### 2.2 Exercise: Building Your Text Classifiers <br> DSC550 <br> 2020-11-29 <br> Michael Hotaling

In [1]:
import pandas as pd
import numpy as np
import string
from nltk.corpus import stopwords

### Pre-processing

- **For this part, you will start by reading the controversial-comments.jsonl file into a DataFrame.**

In [2]:
# Loading the dataframe into Juypter
# jsonl files require line = True to be interpreted correctly

df = pd.read_json("controversial-comments.jsonl",lines=True)
df.head(10)

Unnamed: 0,con,txt
0,0,Well it's great that he did something about th...
1,0,You are right Mr.
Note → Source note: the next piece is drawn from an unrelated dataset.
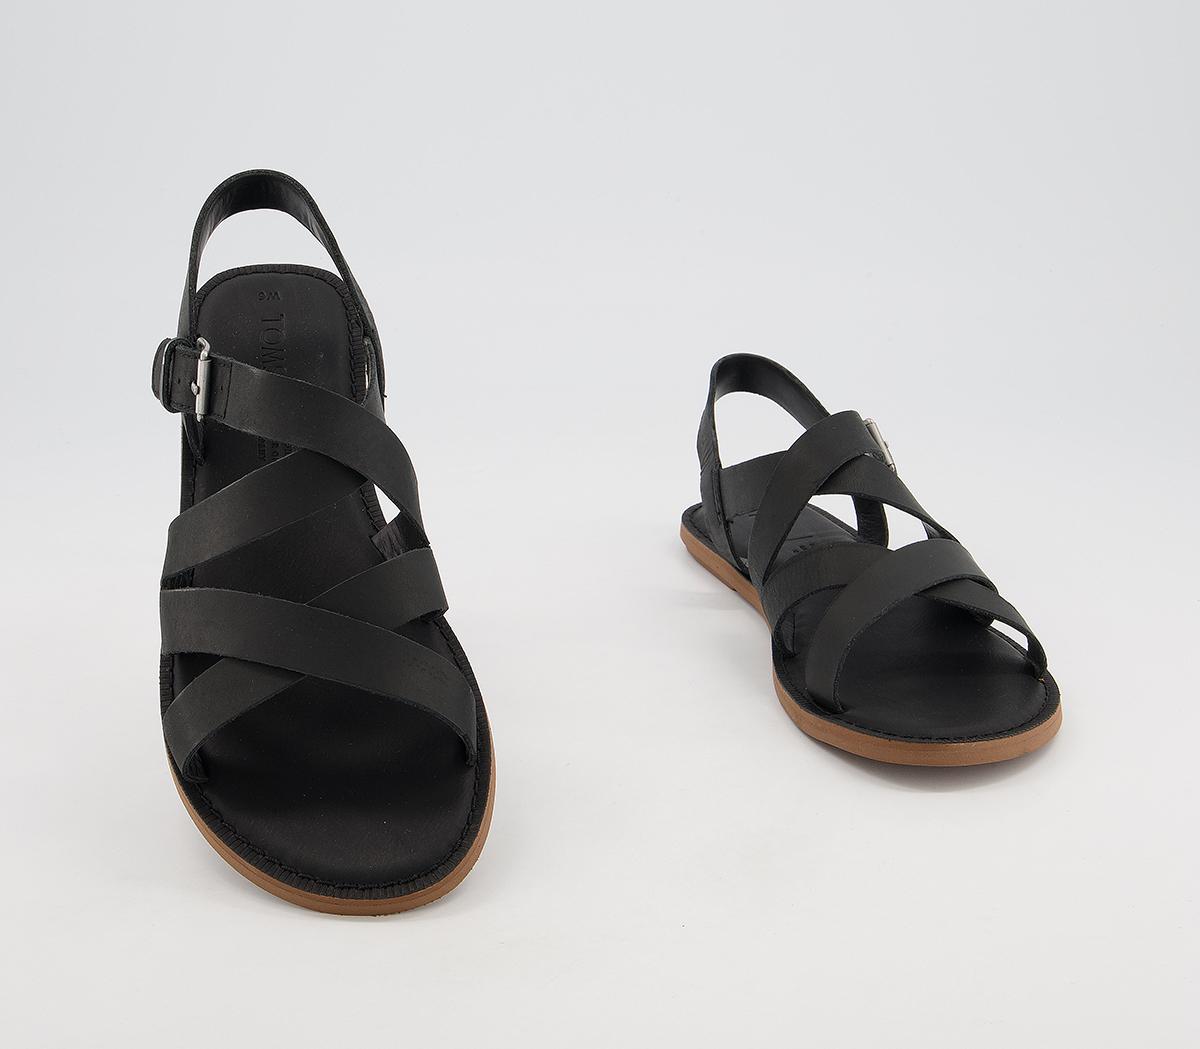 TOMS Sicily Sandals Black Leather - Women’s Sandals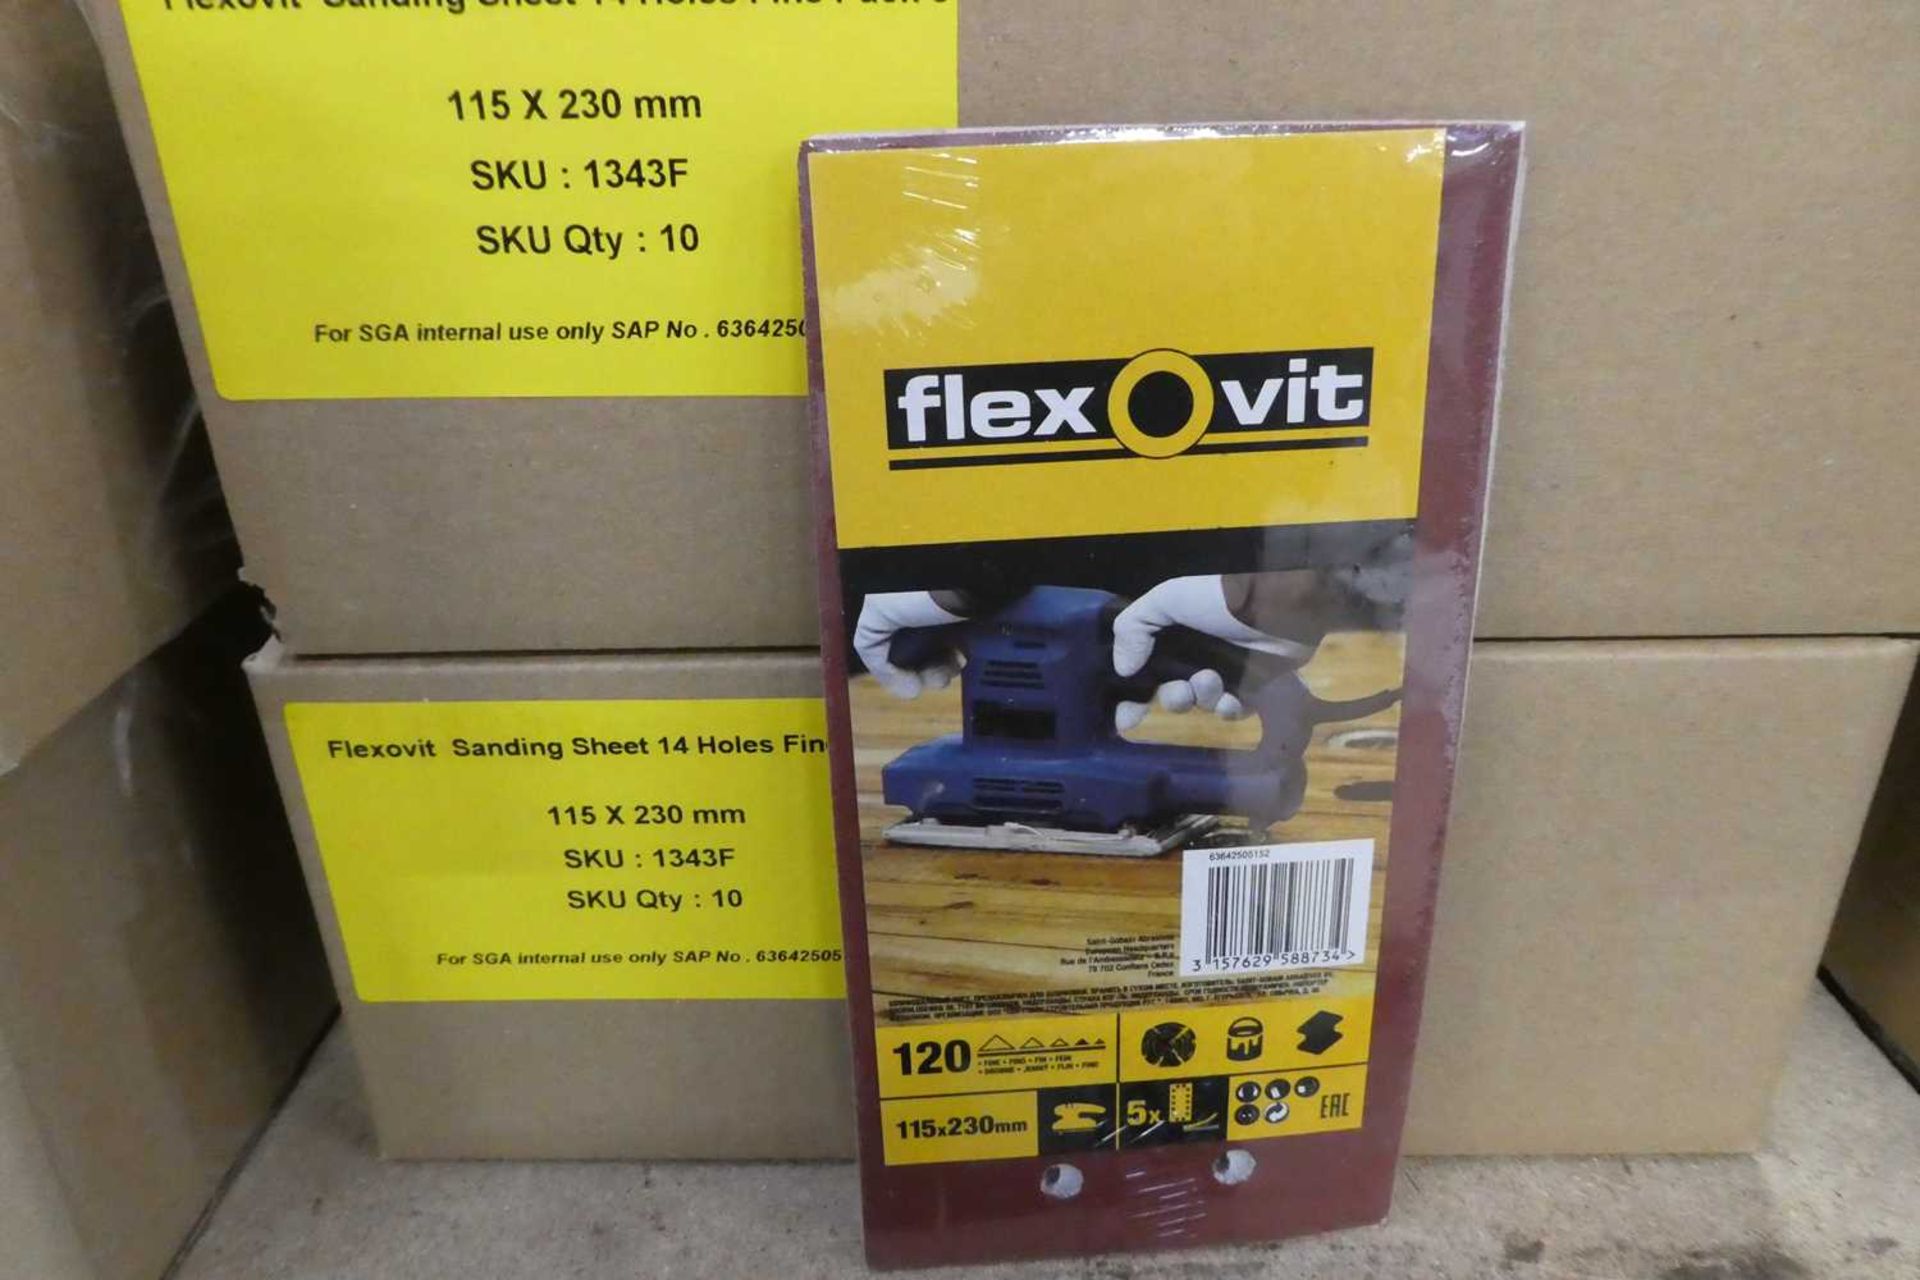 +VAT 4 boxes containing 10 multipacks of 5 Flexovit 14 hole fine sanding sheets - Image 3 of 3

President.
2,0,You have given no input apart from saying I am...
3,0,I get the frustration but the reason they want...
4,0,I am far from an expert on TPP and I would ten...
5,0,Thanks for playing. [I feel like her now](http...
6,0,[deleted]
7,0,"i cant be racist, i have a black friend \n\nl..."
8,0,Nope. You're right that they are both smoke an...
9,0,&lt;That's exactly what it means. especially w...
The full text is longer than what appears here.